Moreover, investment in infrastructure should also be prioritised, focusing on continuing the upgrading of the road network and giving attention to the digital infrastructure.   

It is also government’s responsibility to safeguard two most important sectors in the economy – the financial sector and gaming by restoring credibility and a good reputation after being greylisted by the FATF. This will surely necessitate measures towards increasing the autonomity and independence of institutions and a system of scrutiny.

A point that has already been mentioned above is the strengthening of industry, bolstering of private investment and employment in the private sector. Support to sectors mostly hit by the pandemic and still experience hardship should be sustained to help them bounce back and recover. Taxation measures should also be designed to help stimulate enterprises in re-investing their profits and increase their capital investment.

People are now recognising the importance of protecting the environment and how it is increasingly under threat. With this in mind, taxes, charges, grants, and subsidies are to be utilised to steer away from polluting sectors towards other sectors that equally contribute towards economic growth but surely gives us a better quality of life. Given Malta’s island status, government should tap the high growth potential of the blue economy in terms of jobs and investment. Government should take supportive measures towards marine-based and marine-related economic activities. These have a considerable impact on Malta’s economy and the labour market, particularly since these are interlinked with other sectors of our economy. Measures that encourage research and innovation in this area and support the education sector to address the skills gap present in the maritime sector are vital to achieving future trajectories for sustainable blue growth. Other new opportunities for growth may be tapped through Government support towards the circular economy.

A country that seeks to experience rapid economic growth must give high preference to ensuring that a high percentage of its population is entitled to quality education.
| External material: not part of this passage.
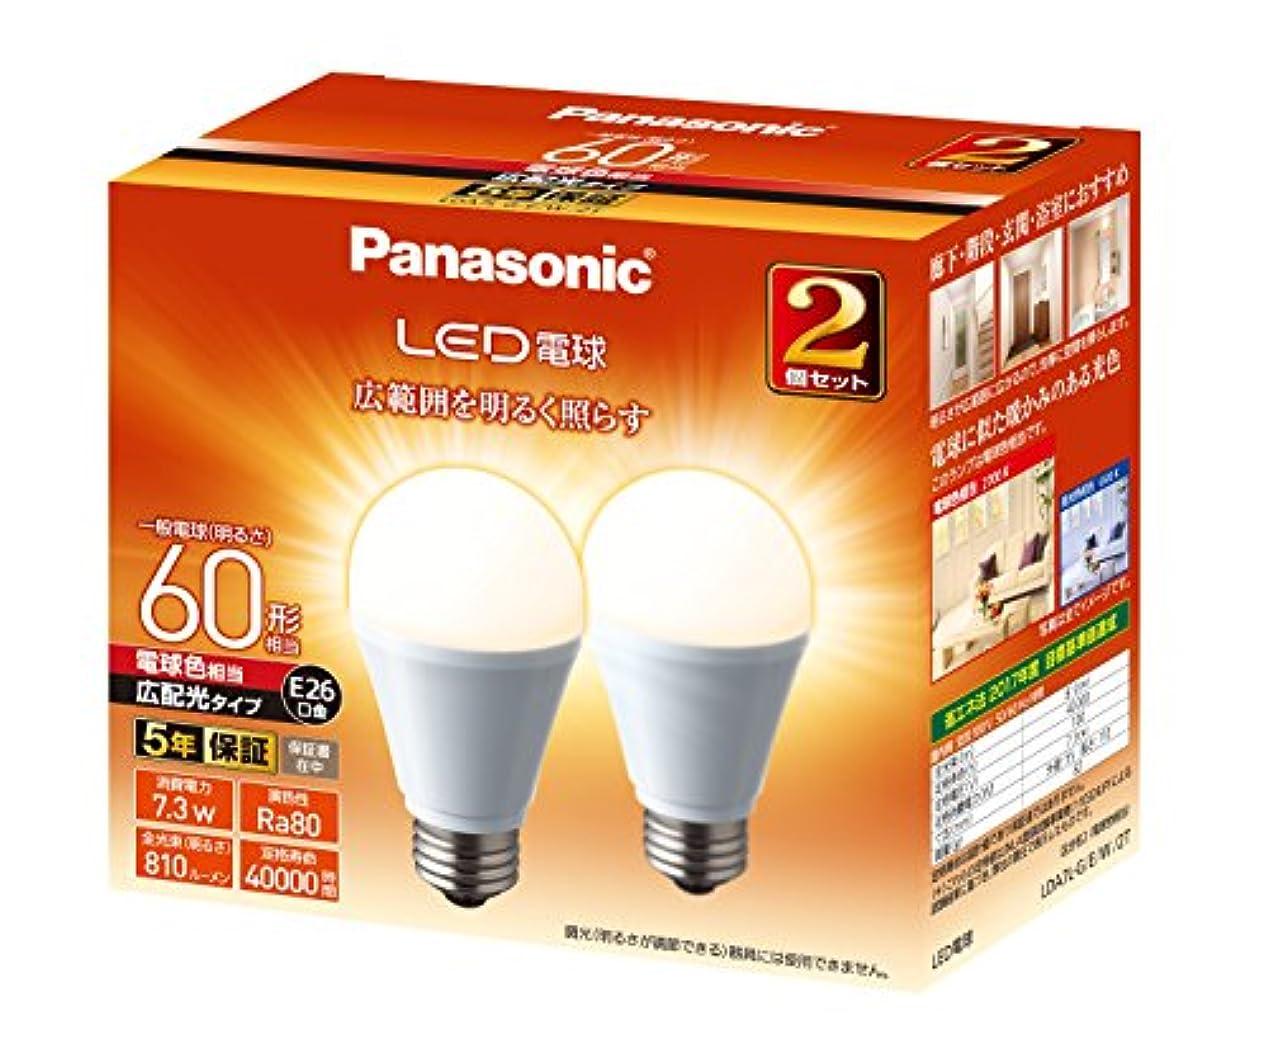 苦味好む考古学的なパナソニック LED電球 口金直径26mm 電球60W形相当 電球色相当(7.3W) 一般電球?広配光タイプ 2個入り 密閉形器具対応 LDA7LGEW2T

 Against this, above all else, government should prioritise education, especially at the higher level as this contributes directly to economic growth by making individual workers more productive and leading to the creation of knowledge, ideas, and technological innovation.

Designing government budget and discerning how to source and then use public funds is not an easy task. While ensuring that the country’s finances remain in check, it is crucial to work towards attaining economic, environmental, and social sustainability that considers not only the immediate desires but also the welfare of future generations.

Dr Mario Thomas Vassallo, Head, Department of Public Policy, UoM

“My advice ahead of the budget is to ensure that nobody loses sight of our current economic scenario. We are still in the midst of a pandemic and not over it yet. Therefore we must avoid the temptation to fall for a populist budget and be over-zealous. Instead, we must keep in mind all victims of the pandemic and those feeling the repercussions, both at an individual and corporate level.”

Regarding new niches for Malta to explore, it’s important to continue along with the narrative of digitalisation and technology. It is good to see that public services are shifting to such models. However, more focus must be given to public policy, particularly within the remit of FDI. Priorities? I would say fiscal morality must be addressed at every level of society and the subject of urban planning. Contractors, politicians, even those within the same party must well and truly be singing from the same hymn sheet. Sustainability is key”.